As for the local models, we can notice that, without FedTSeg, c_3’s local model gets the highest performance with Acc 90.68%, DSC 85.10%, and mIoU 79.63%, while c_5’s local model gets a terrible performance with Acc 75.30%, DSC 65.26%, and mIoU 56.88%. Though the sizes of training sets are the same, there is still a large variance among their final results, which indicates that the data heterogeneity significantly influences the local model performance. The global model of FedTSeg, trained with the aggregated dataset, significantly outperforms all local models without FedTSeg. Besides, there is a substantial decrease in the variance among five clients with FedTSeg. In particular, the standard deviation of Acc decreases from 5.27% (without FL) to 1.35% (with FL), indicating that the influence of data heterogeneity is materially alleviated by FedTSeg.
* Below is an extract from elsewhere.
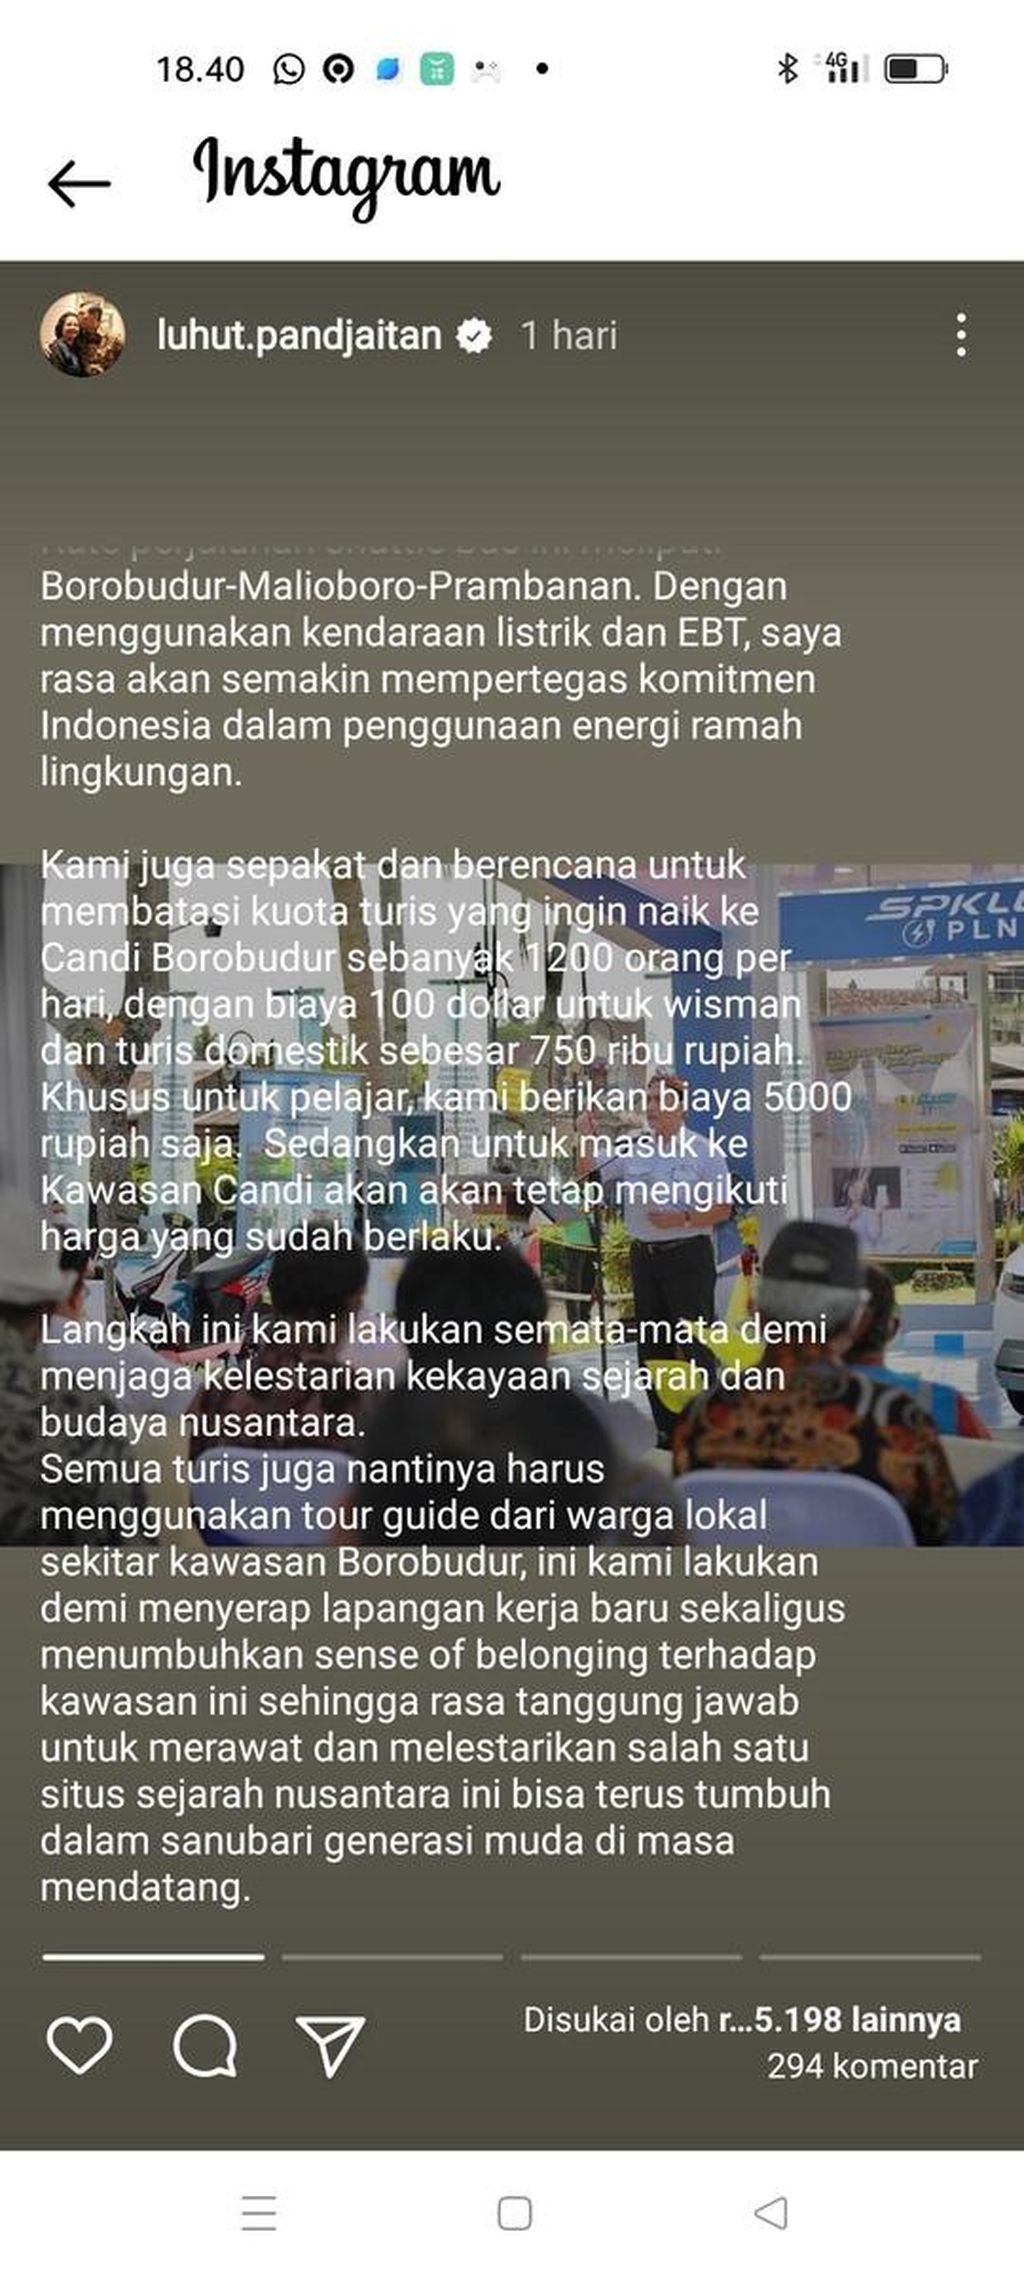 Tangkapan layar dari media sosial Instagram tentang unggahan status Menteri Koordinator Bidang Kemaritiman dan Investasi Luhut Binsar Pandjaitan, yang menerangkan tentang rencana kenaikan harga tiket Candi Borobudur.

We further conduct experiments with five clients under the imbalanced distribution, i.e., the clients are denoted as (c_1′, c_2′, …, c_5′). As shown in the bottom part of Table 2, c_1′ and c_2′ hold the smallest training set with a size of 8%, and c_5′ holds the largest training set with a size of 34%, simulating the scenarios of small clinics and large hospitals in the real world. Without FedTSeg, the avg model under imbalanced distribution is worse than that under balanced distribution by 11.75% mIoU, 12.21% DSC, and 8.46% Acc. Since the size of the training set is too small, c_1′‘s model only gets a result of 64.64% Acc, 46.46% DSC, and 40.45% mIoU, while c_2′‘s model gets a better result of 84.17% Acc, 78.33% DSC, and 70.49% mIoU. Though using the same size of the training set, there still exists a large gap in performance between c_1′ and c_2′, indicating a significant influence of data heterogeneity. The variance of performance grows larger than that of balanced distribution with a standard deviation increase from 5.27 to 9.08% due to data heterogeneity and varying amounts of local training data under imbalanced distribution.

But with FedTSeg, the performance of local and global five-client models is significantly boosted, e.g., c_1′‘s Acc increases from 64.64 to 89.62%. We can notice that all five clients’ local models improve their performance while maintaining a smaller variance, as compared to the local model trained without FedTSeg. Moreover, the global model outperforms all local models, including those with FedTSeg. Thus, clients could obtain a better global model with FedTSeg, especially for those who only possess a small amount of training data.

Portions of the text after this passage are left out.